The task of finding a periodic allocation of atoms on a grid in space that minimises their pairwise interaction energy can be encoded as an integer program. Such integer program can be solved either using advanced solvers to obtain provably optimal solutions or using quantum annealers (or any other Ising machine) for a potential speed-up or energy efficiency. Subsequently, solutions of the periodic lattice allocation problems can be used to predict crystal structures of materials or perform other investigations of the potential energy surfaces.
This package provides implementation of this encoding for uniform grids in cubic/non-cubic unit cells, where the interaction energy is a sum of Statistical Proxy Potentials(SPPs). In the current implementation, the resulting integer programs can be solved either using Gurobi or D-Wave quantum annealer.
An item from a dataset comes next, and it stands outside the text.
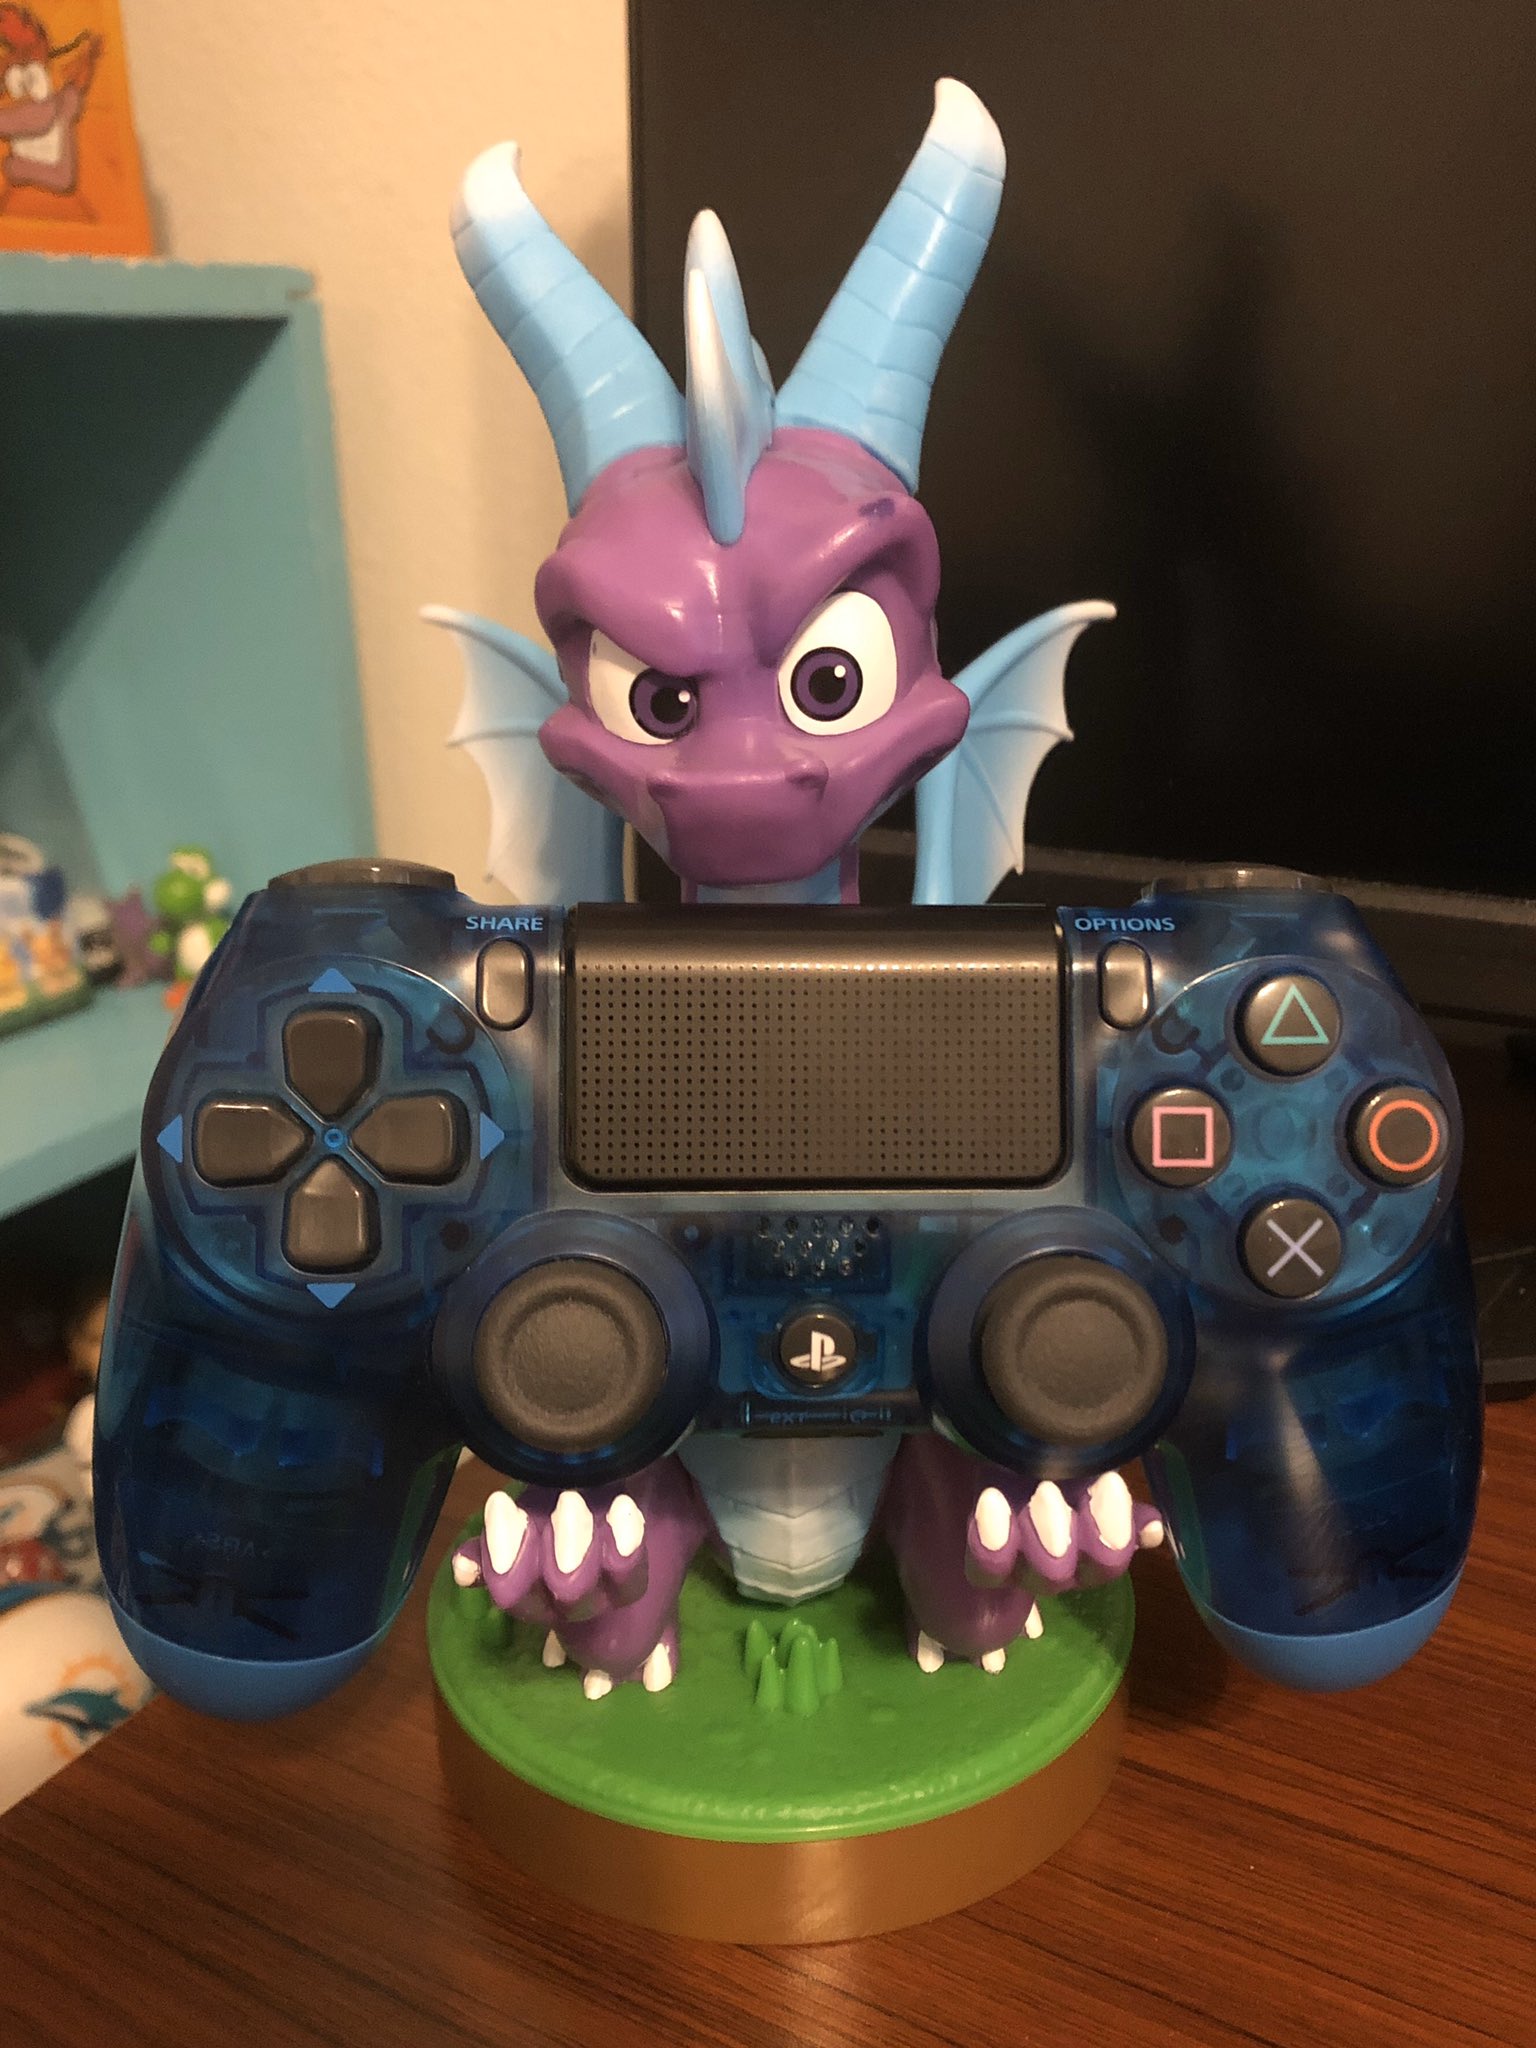 Maleri Hejse valg Spyro Universe 💎 on Twitter: "Just got in my Ice Spyro controller holder  from @ExquisiteGamin3! #Spyro #SpyroTheDragon https://t.co/BML5Zt2SVR" / X

If the package is run as a module, the program presents an interactive menu to perform crystal prediction of either several well-known crystal structures or a composition (e.g. SrTiO3) provided by the user. Solutions of integer programs are reported alongside the outcomes of subsequent local minimisations and the expected outcomes.
On top of the commonly used python packages, the code relies on:
- Gurobi to solve integer programs on classical computers (tested with v13.0). Academic licence is available free of charge.
- D-Wave Leap and its SDK to solve quadratic unconstrained binary problems (tested with dwave-ocean-sdk v9.3.0). Classical simulation annealing algorithm is available as well in the same package for testing purposes and requires no registration.
- CHGNet for subsequent local optimisations of periodic lattice allocations (tested with v0.4.2).
- GULP for calculating SPP scores of periodic lattice allocations and their relaxed structures (tested with 6.3.4).
- Atomic Simulation Environment to run CHGNet, GULP calculations and handle crystal files.
- Statistical Proxy Potentials to download SPP.zip.
It can be installed using pip:
pip install git+https@github.com:lrcfmd/ipcsp-spp.gitThis package requires SPP files that are distributed separately as a ZIP archive.
Download the SPP.zip from the link provided in the Dependencies section, extract it
and place the extracted folder at the same level as __main__.py.
For development installation:
git clone git@github.com:lrcfmd/ipcsp-spp.git
cd ipcsp-spp
pip install -e .The code can be run as a module:
python -m ipcsp2Upon launching, the program presents an interactive menu in your terminal. You will be prompted to choose one of two available options.
Choose an option:
1. Run predefined benchmarks
2. Enter custom chemical composition
Enter your choice (1 or 2):
Option 1 will perform prediction of a variety of well-known crystal structures e.g. SrTiO3, Y203.
Option 2 requires you to provide chemical composition (e.g. SrTiO3, Co4As8), unit cell parameters,
grid number(s) for each side of the cell, space group number, K-Best solutions of the integer programming.
The experimentally determined structures corresponding to the benchmark test cases are stored in
structures/. Crystal structure prediction problems to run with option 1 can be
selected by modifying test key in the settings dictionary
defined in __main__.py as well as other parameters of the corresponding
lattice allocation problems.
This repository accompanies the manuscript "Quantum-ready Crystal Structure Prediction using Statistical Proxy Potentials", which is currently under review for publication in Philosophical Transactions of the Royal Society A.
The code is provided to facilitate reproduction of the results reported in the manuscript. Upon publication, the corresponding citation and DOI will be added to this repository.